Better for Some, Worse for Others: PTA Funding and Inequities in Arts Education


Here’s a piece from the Village Voice about the gross inequities in education and arts education associated with the varying abilities of parents to raise funds for their child’s public school.

When school systems and state departments of education fail to establish instructional standards that include required levels of minimum instruction and/or fail to enforce such required minimums, what you get is a system completely out of whack.

Here’s a link to the article: Rich School; Poor School, by Kate Pastor.

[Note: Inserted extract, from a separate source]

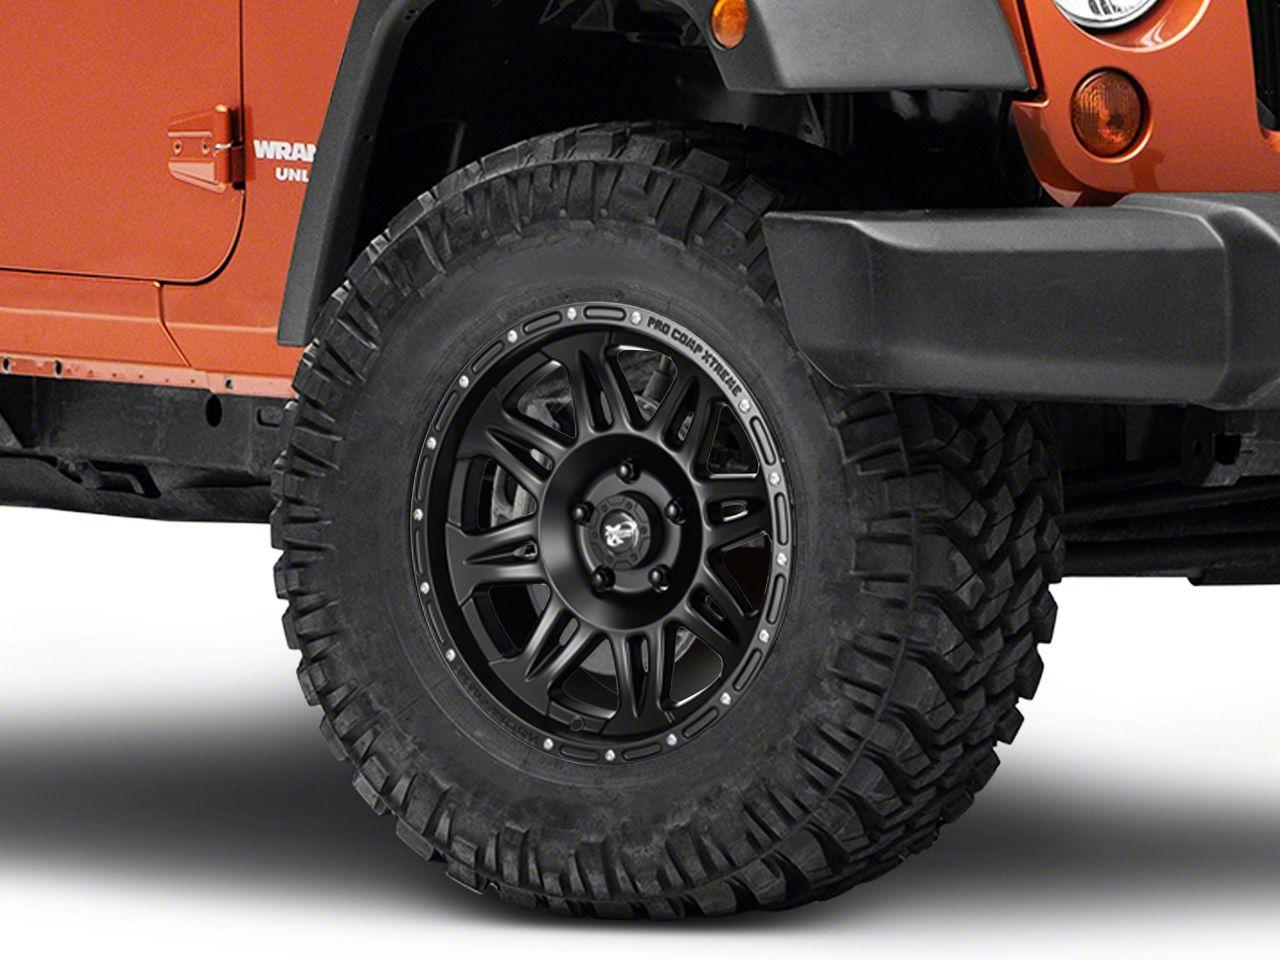 Pro Comp Alloy Series 7005 Flat Black Wheel - 17x9 (07-18 Jeep Wrangler JK; 2018 Jeep Wrangler JL)

“We don’t have silent auctions and all those things. That’s just not
our population,” González says.

It’s a very different story at the William
Penn School
(P.S.321), located in pricey Park
Slope
, Brooklyn. Its Parent-Teacher
Association
brings in approximately $500,000 in annual revenue,
according to PTA Co-President Jill Mont. Its biggest fundraisers, a
spring dance and an auction, collected between $75,000 and $80,000
apiece last year, and an annual appeal rakes in about $100,000–combining
for about 60 times M.S.223’s annual PA budget.

Here’s the invitation to PS321’s upcoming benefit. A terrific school, a terrific principal, a terrific program, terrific teachers, and a terrific parent organization. If only every school could do this.

PS321 Benefit.png


One response to “Better for Some, Worse for Others: PTA Funding and Inequities in Arts Education”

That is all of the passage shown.